TASK REQUIREMENTS → Please keep the images out and set down the data exactly as given.

DATASET CONTENT →
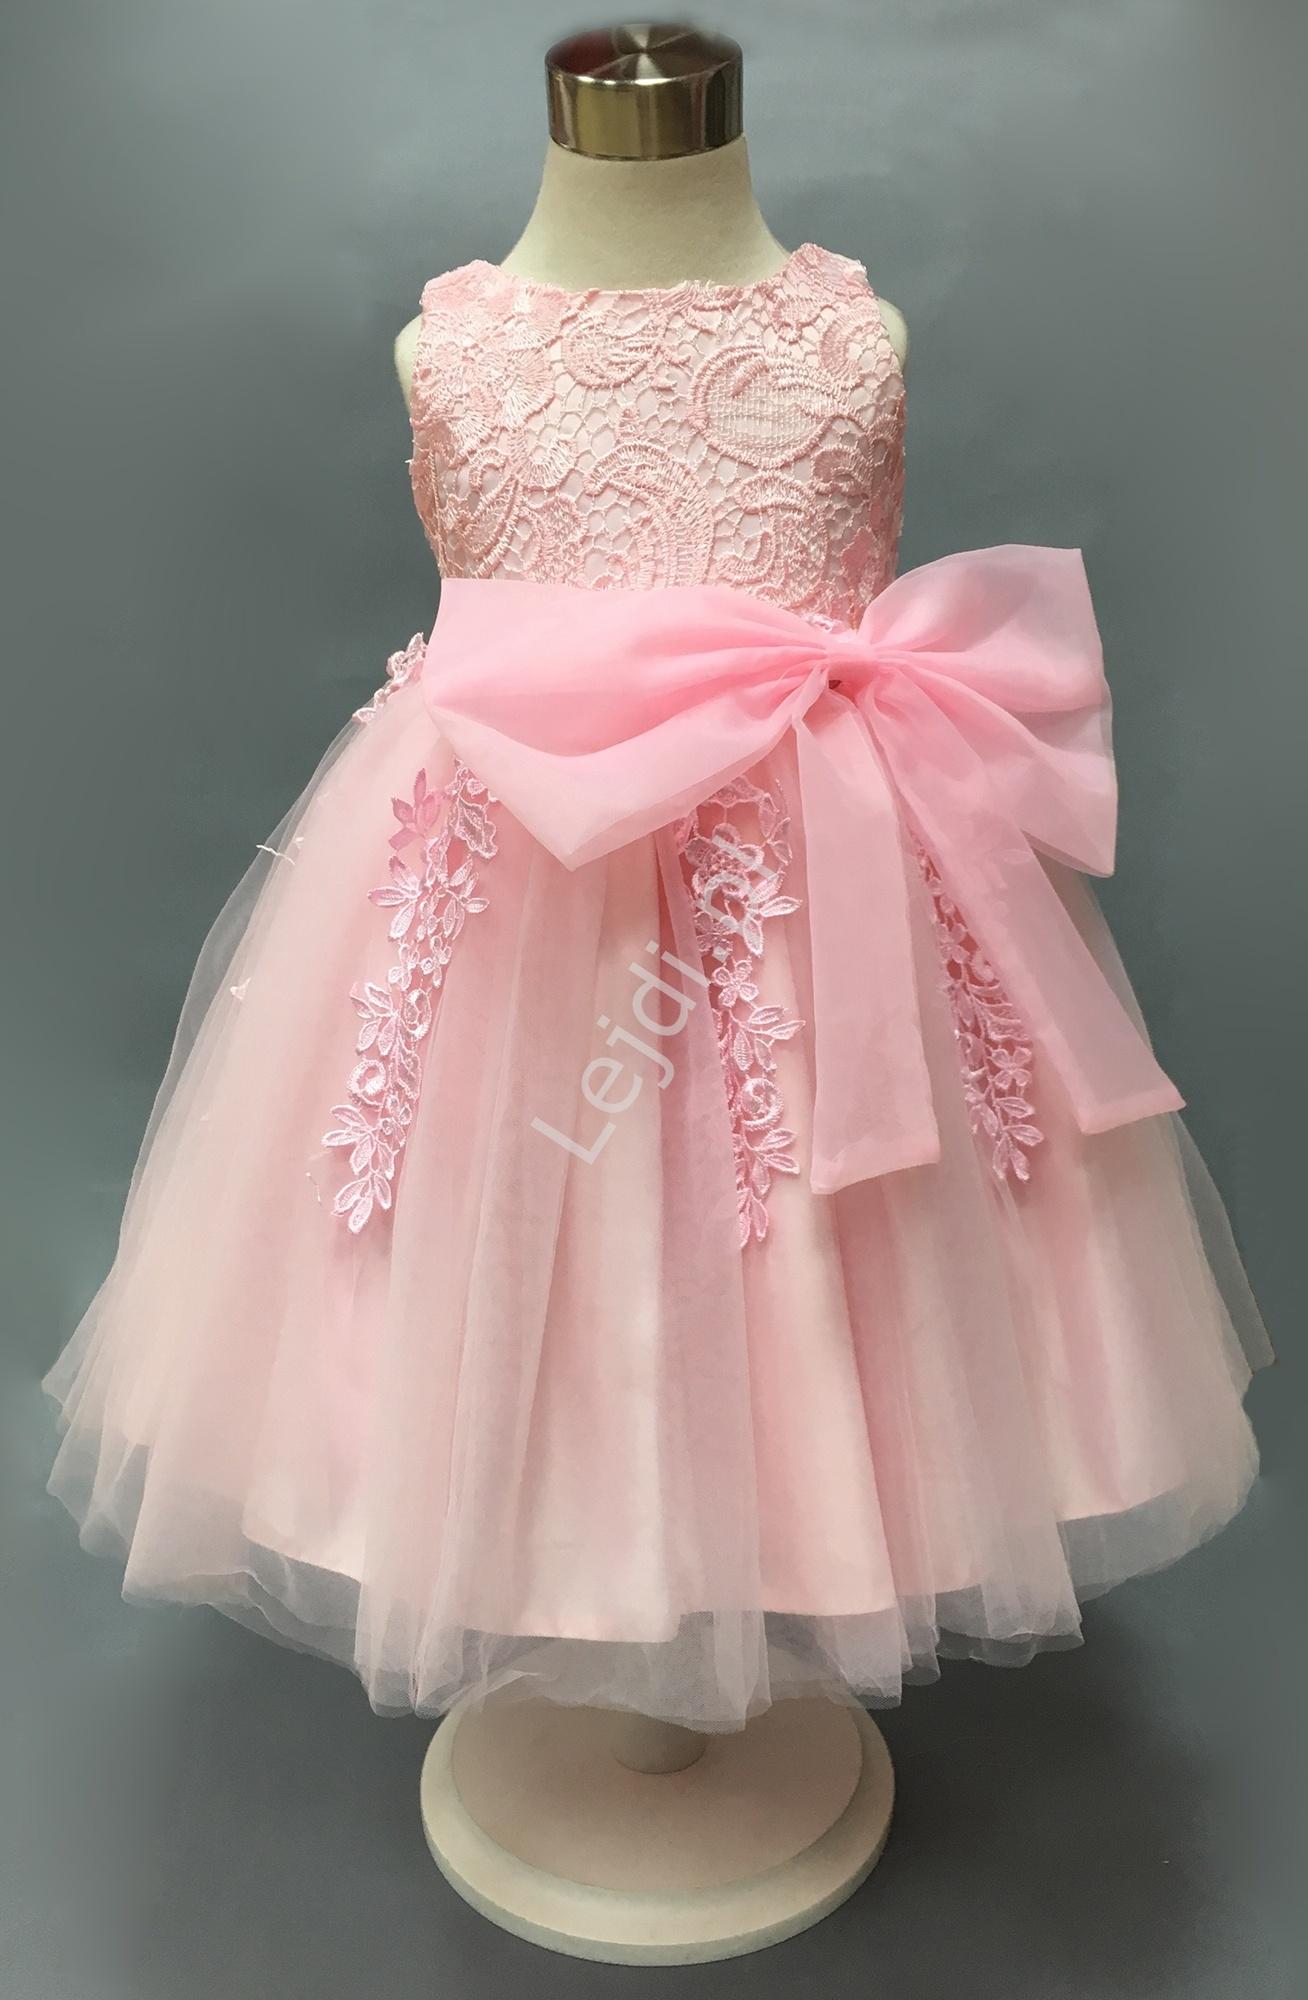 Przepiękna różowa sukienka dla dziewczynki, bogato zdobiona gipiurową koronką - Lejdi
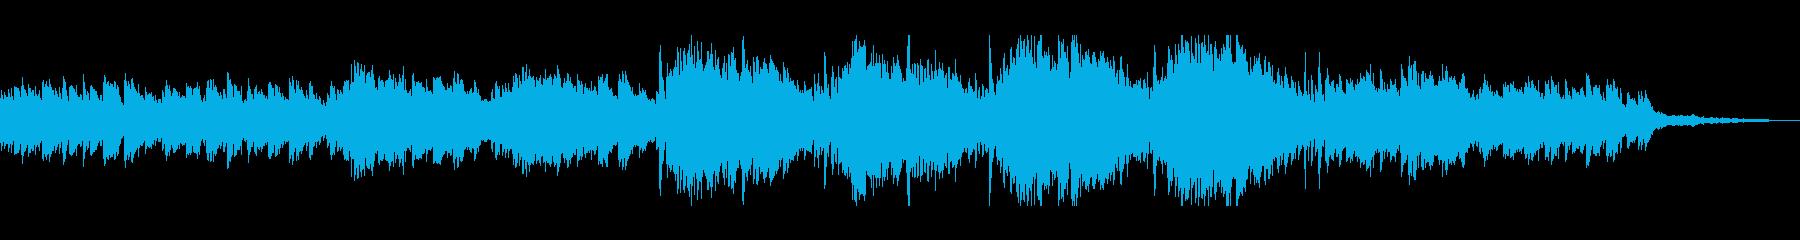 そよ風が吹くようなピアノ奏法の再生済みの波形
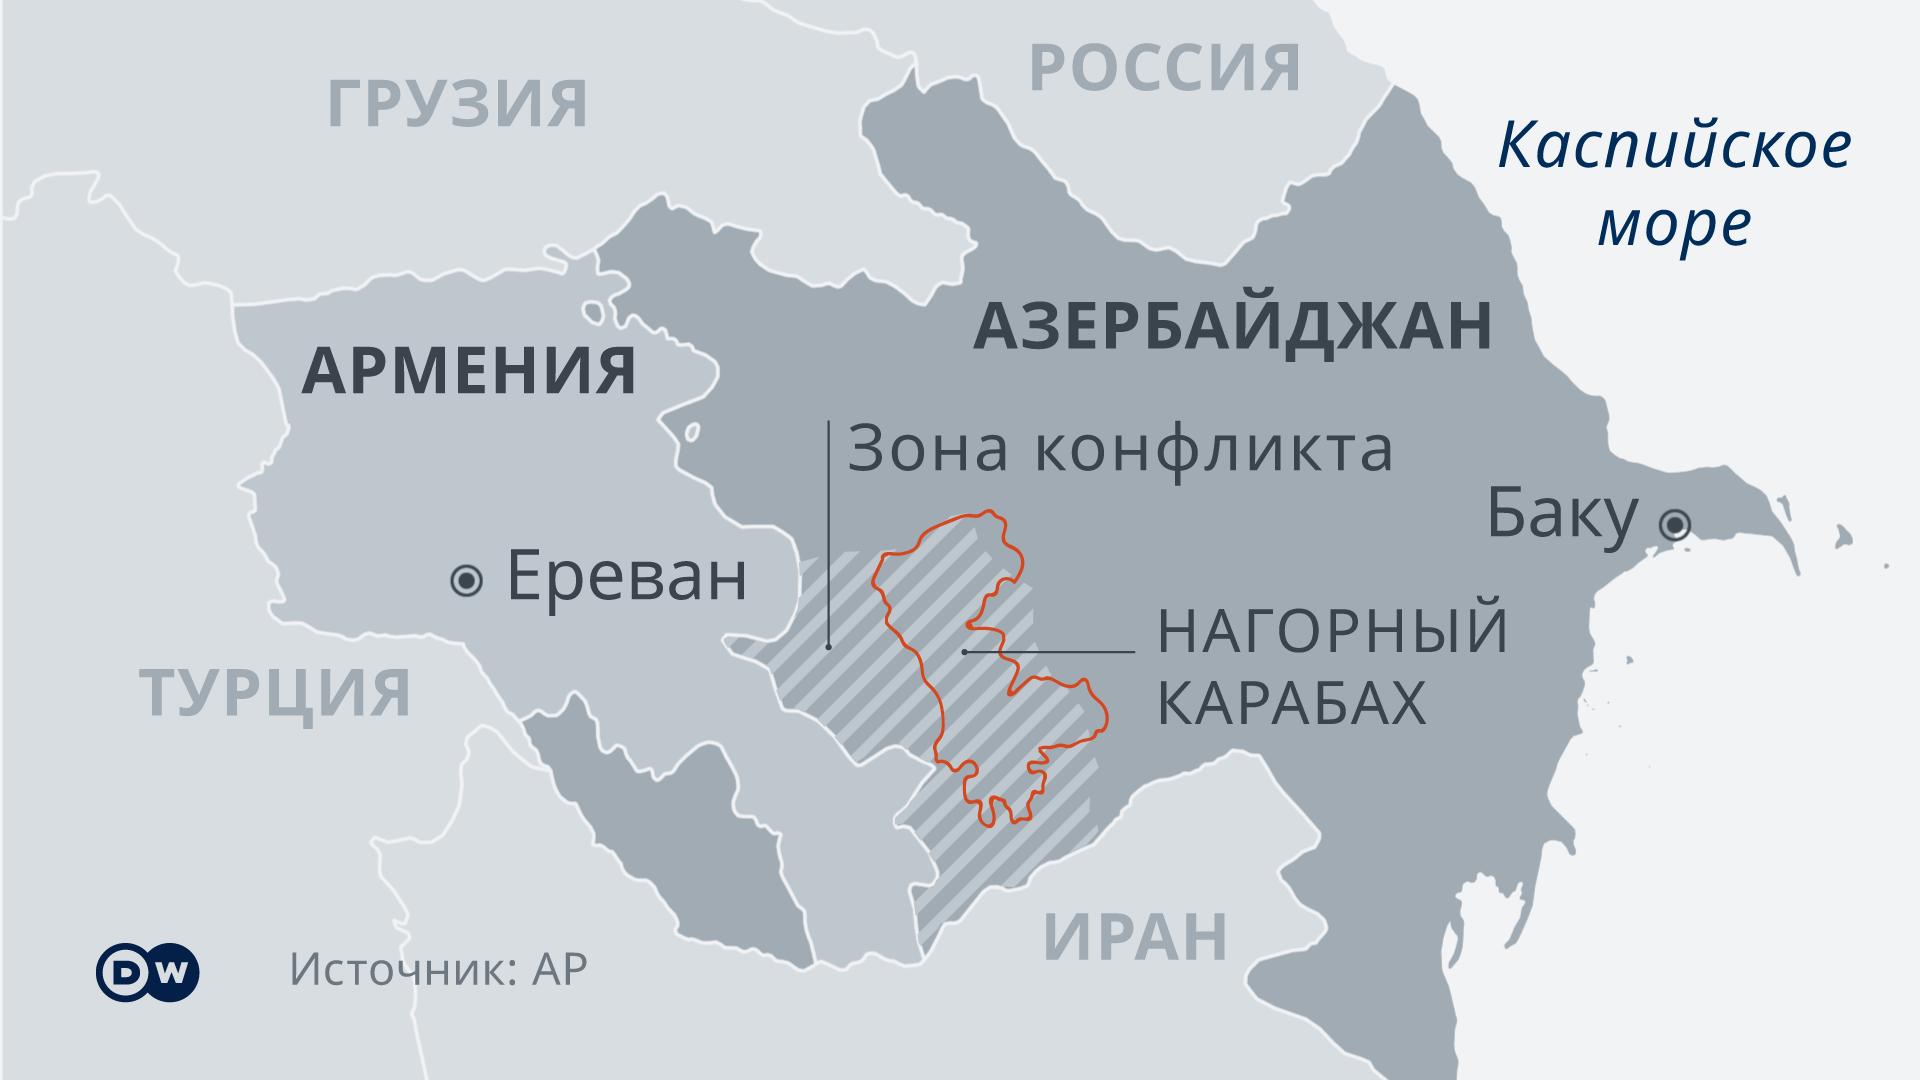 """""""Жизни здесь больше нет"""". Что происходит в Нагорном Карабахе после перемирия — репортаж DW"""

ANSWER AREA →
 Przepiękna różowa sukienka dla dziewczynki, bogato zdobiona gipiurową koronką - Lejdi
 そよ風が吹くようなピアノ奏法の再生済みの波形
 """""""Жизни здесь больше нет"""". Что происходит в Нагорном Карабахе после перемирия — репортаж DW"""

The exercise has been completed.